With the pictures left out, copy the listing below exactly.

AVAILABLE DATA:

◇ ◇ ◇

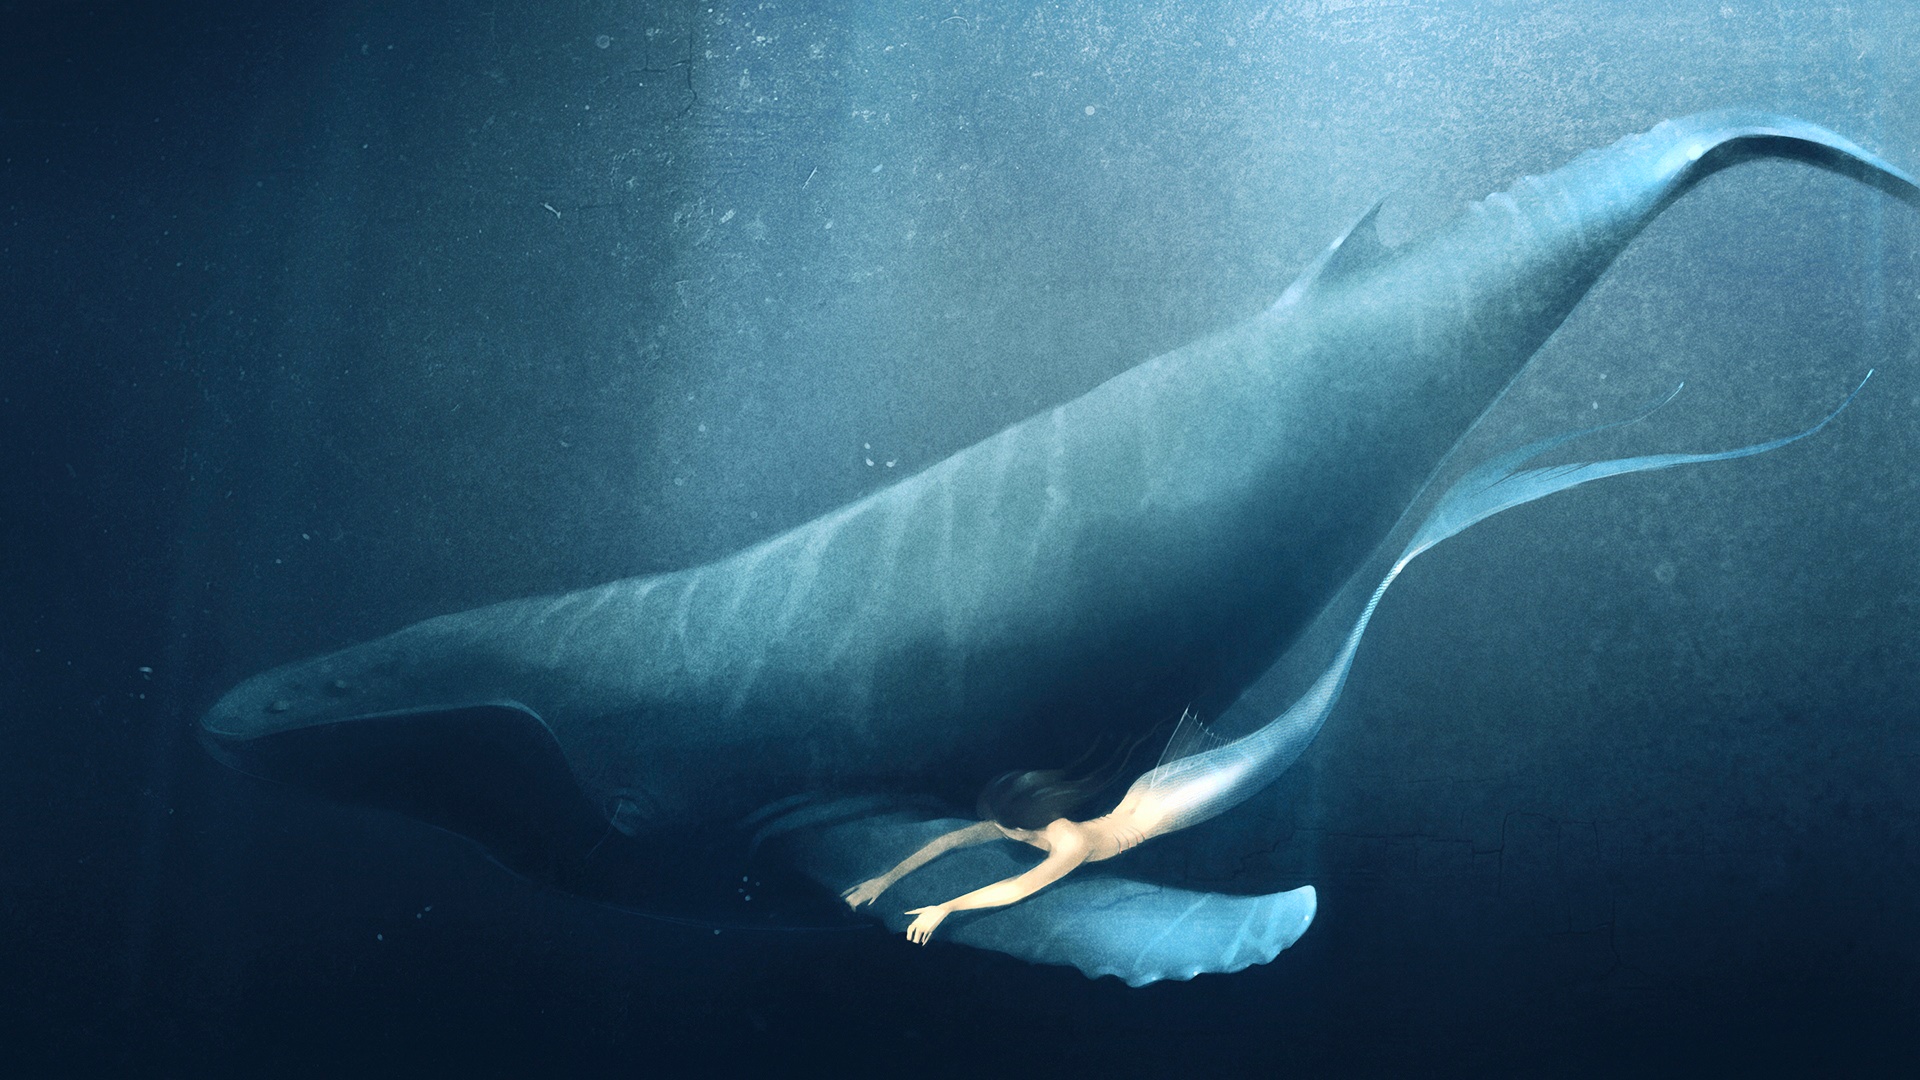 Landscape Portrait - Mermaid Whale , HD Wallpaper & Backgrounds
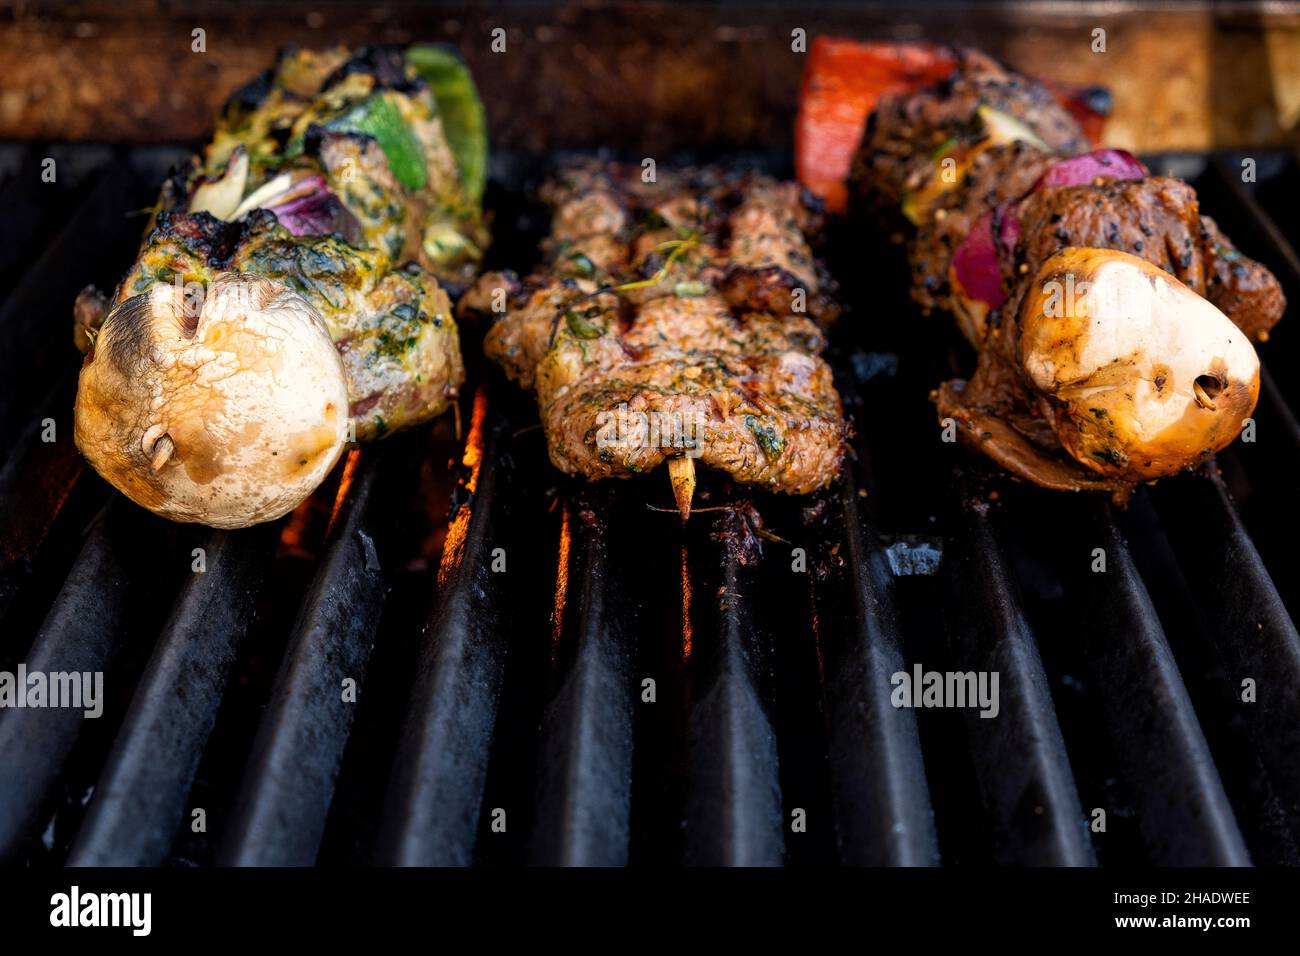 Brochetas de carne a la parrilla preparadas en una parrilla de gas a la barbacoa desde el frente Foto de stock
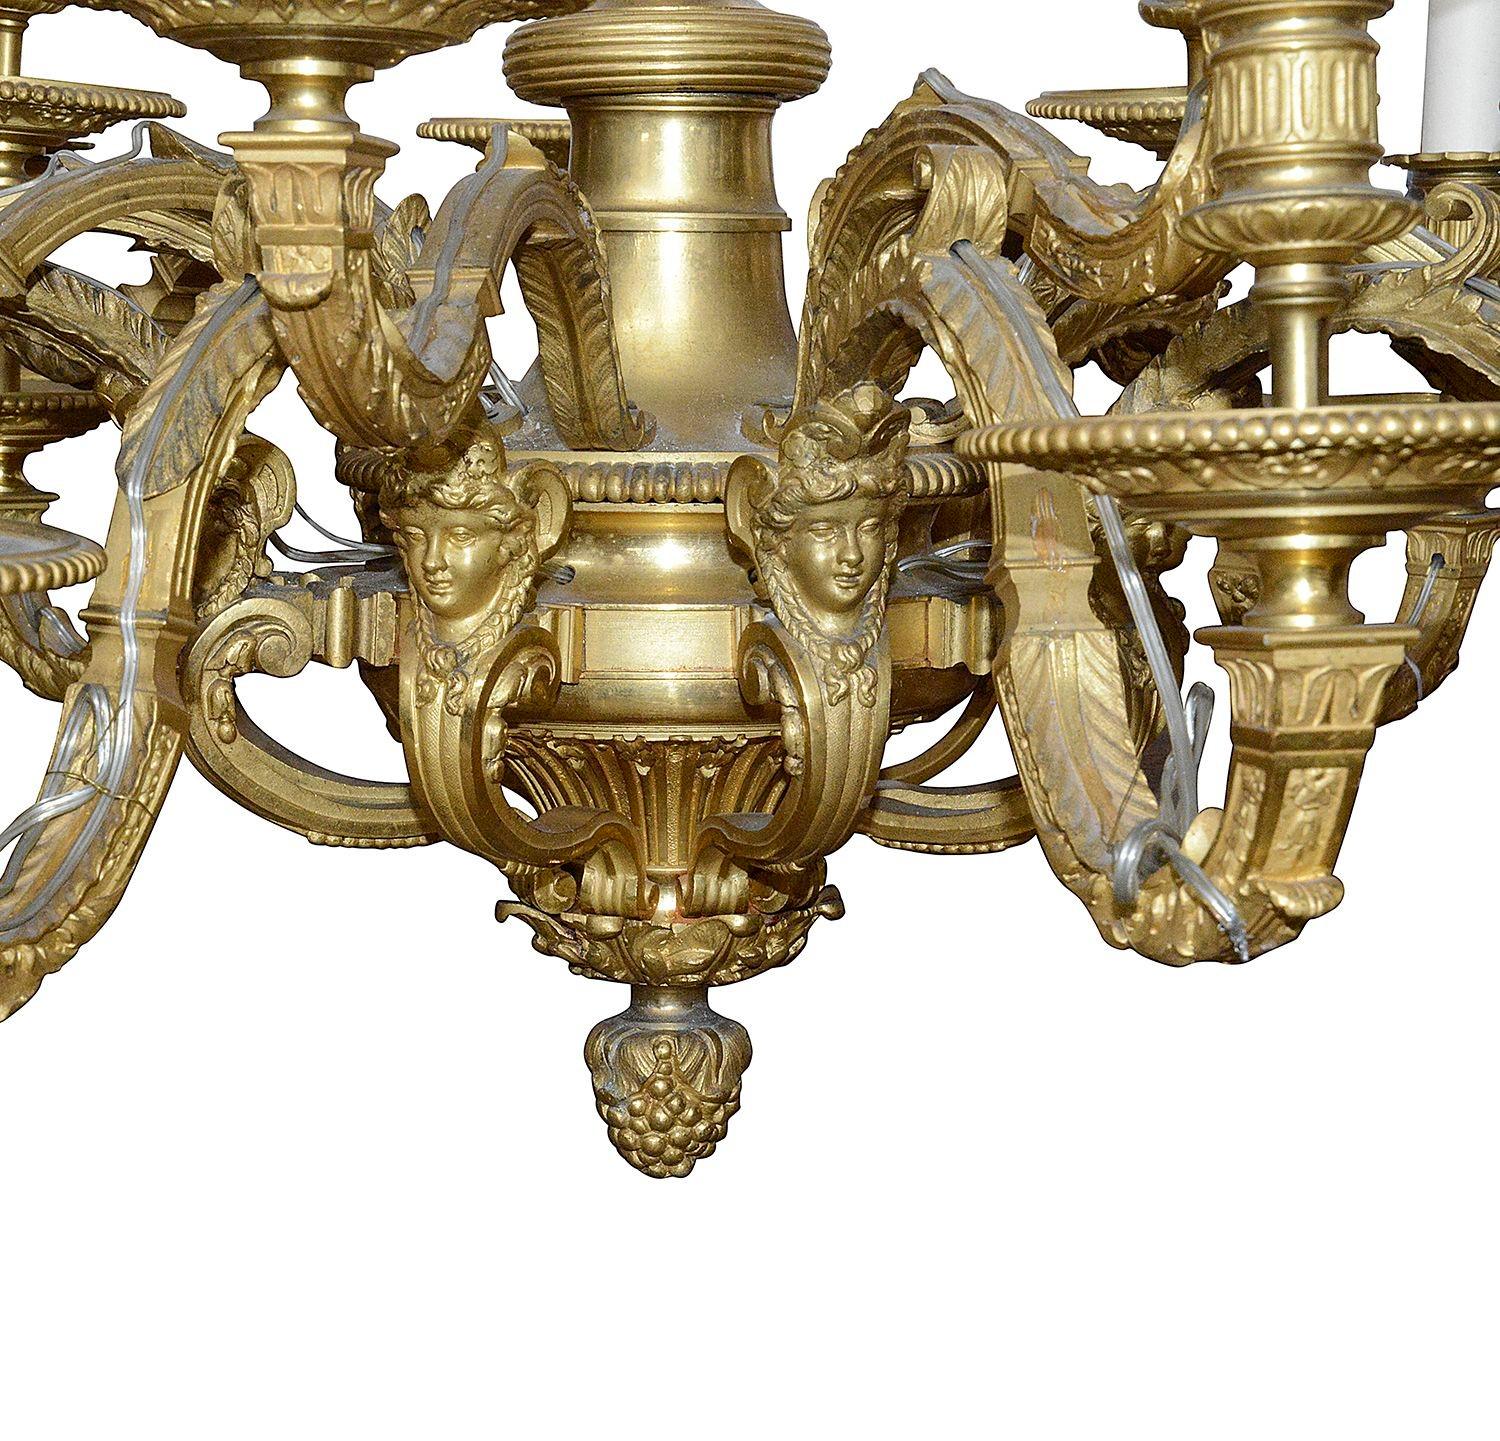 Très impressionnant lustre à 18 branches de style Louis XVI en bronze doré du 19e siècle, avec des montures monopodes classiques sur la colonne centrale.

Lot 74

◇ ◇ ◇

ANSWER TO THIS EXERCISE:
 Landscape Portrait - Mermaid Whale , HD Wallpaper & Backgrounds
 Brochetas de carne a la parrilla preparadas en una parrilla de gas a la barbacoa desde el frente Foto de stock
 Très impressionnant lustre à 18 branches de style Louis XVI en bronze doré du 19e siècle, avec des montures monopodes classiques sur la colonne centrale.

Lot 74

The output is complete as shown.